Un día la muchacha, después de frotarse las sienes, le dijo:
-¿Has oído que el hijo del rey está enfermo y que no en­cuentran a nadie que lo consiga curar?
-Lo he oído -le respondió la anciana, pero en este mundo sólo yo sé lo que es preciso para que recupere la salud.
Y la muchacha:
-¿Y qué es?
La curandera permaneció en silencio con aire pensativo durante unos instantes. Después le dijo:
-A ti quiero confiártelo, porque estoy segura que nunca podrás desearme ningún mal. Debes saber, así pues, que de­berían matarme a mí y sacarme del pecho algo que tengo en él semejante a una naranja. Aplicándole su jugo al cuerpo del hijo del rey, inmediata-mente se restablecería.
No transcurrió mucho tiempo después de que hablaran de este modo, cuando salieron un día a pasear por el bos­que. Y sucedió que a la vieja le falló una pierna, cayó en un hoyo y murió.
Inmediatamente la muchacha le sacó del pecho aquella especie de naranja y la exprimió bien. Guardó el zumo en un frasco y se encaminó a la casa del rey vestida de hombre, aparentando ser un médico extranjero que se creía capaz de devolverle la salud a Su Alteza.
Las palabras de la anciana resultaron ser ciertas, pues el hijo del rey, pocos instantes después que ella lo untara con el zumo que había obtenido, se levantó de la cama aún más hermoso que antaño.
El rey entonces, confiando en que quien había sanado a su valiente hijo era realmente un médico sabio, quiso cum­plir su palabra ofreciéndole todas las riquezas que se le anto­jaran y a su propia hija por esposa.
Pero el médico rehusó recompensa alguna e incluso al hi­jo del rey, que deseaba saber cómo podía expresarle su agra­decimiento, pues no quería que se dijera que tanto su padre como él mismo no habían sabido pagar deuda tan grave, le respondió diciendo:
-Alteza, aunque yo se que no es bueno que los reyes que­den en deuda con aquellos que les han servido, yo os digo que me podéis hacer un gran bien simplemente perdonan­do su culpa a quien os implore diciendo: "¡Perdóname, mi señor, en nombre de aquel que te devolvió la salud!"

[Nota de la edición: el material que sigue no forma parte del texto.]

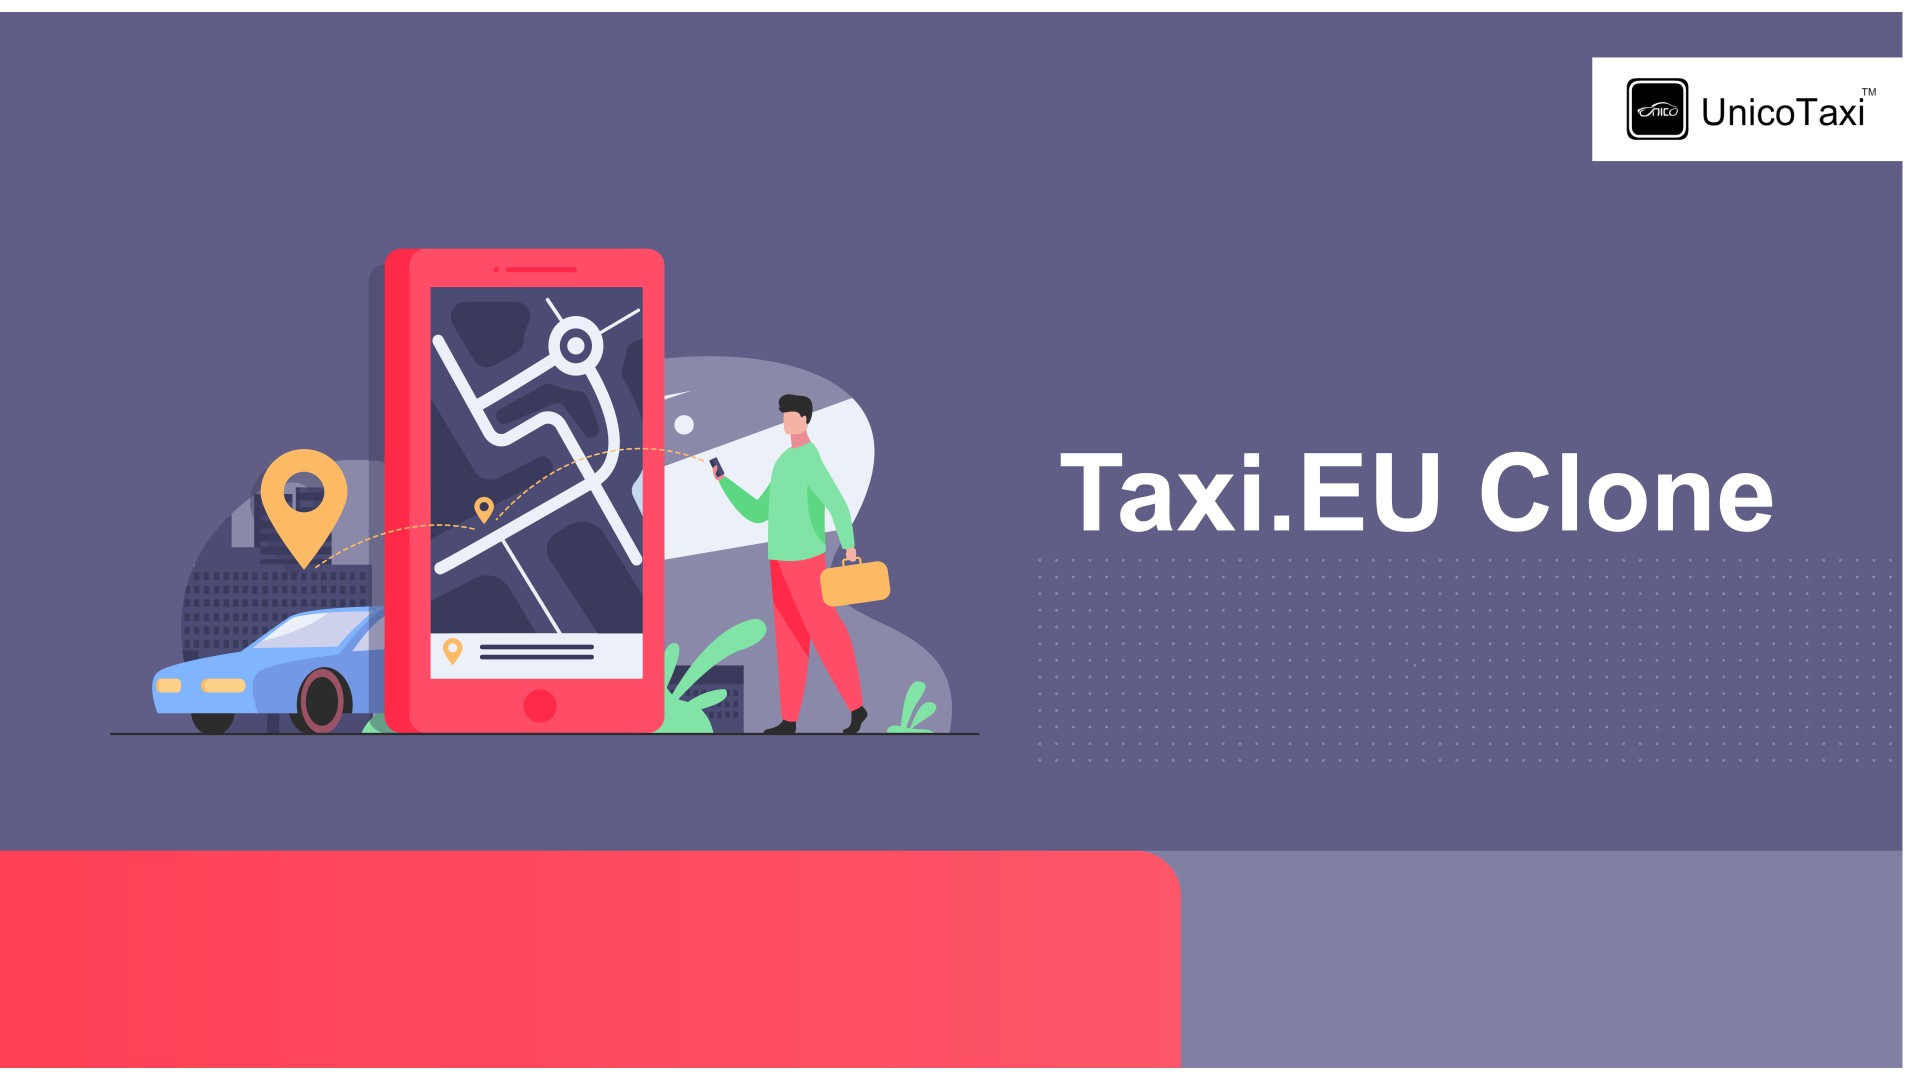 Professional Guide to Create an App Similar to Taxi.EU Clone

El hijo del rey dio su palabra de que así lo haría y el mé­dico le pidió la venia y se fue.
Aquella misma tarde la muchacha se atrevió por fin a re­gresar a su casa, rogándole a su padre que no la repudiara, pues no pasaría mucho tiempo, le dijo, y conocería los mo­tivos que la habían empujado a abandonar su casa.
El padre, que la quería más que a sus ojos, le preguntó tan solo si había sabido guardar la flor de su doncellez y cuando ella le prometió por el cielo y la tierra que era tan inmaculada como antes de marchar, no dijo nada más.
La muchacha se retiró a su habitación, se encerró, lavó la palangana, la limpió con gran cuidado y la llenó con agua fría.
Era medianoche y en la casa todos dormían. Entonces ella prendió unas plumas de pollo y las apagó en el agua. Inmediatamente apareció el hijo del rey, quien montó en cólera, sacó su espada y se abalanzó sobre ella aullando.
-¡Te mataré!
Pero la muchacha le detuvo la mano y le dijo:
-¡Si en verdad crees que tengo alguna culpa, perdóname en nombre de aquél que te devolvió la salud!
El valiente joven dejó caer los brazos y acto seguido le preguntó:
-¿Quién te ha revelado a ti ese ruego? Ella le respondió:
-Nadie me lo ha revelado, fui yo quien te lo enseñó a ti cuando, vestida de hombre, te curé y te hice como ahora eres, más hermoso que antes todavía.
Él entonces la abrazó contra su pecho y la besó con pa­sión en la frente.
Al día siguiente envió emisarios pidiendo su mano y el domingo que siguió se casaron.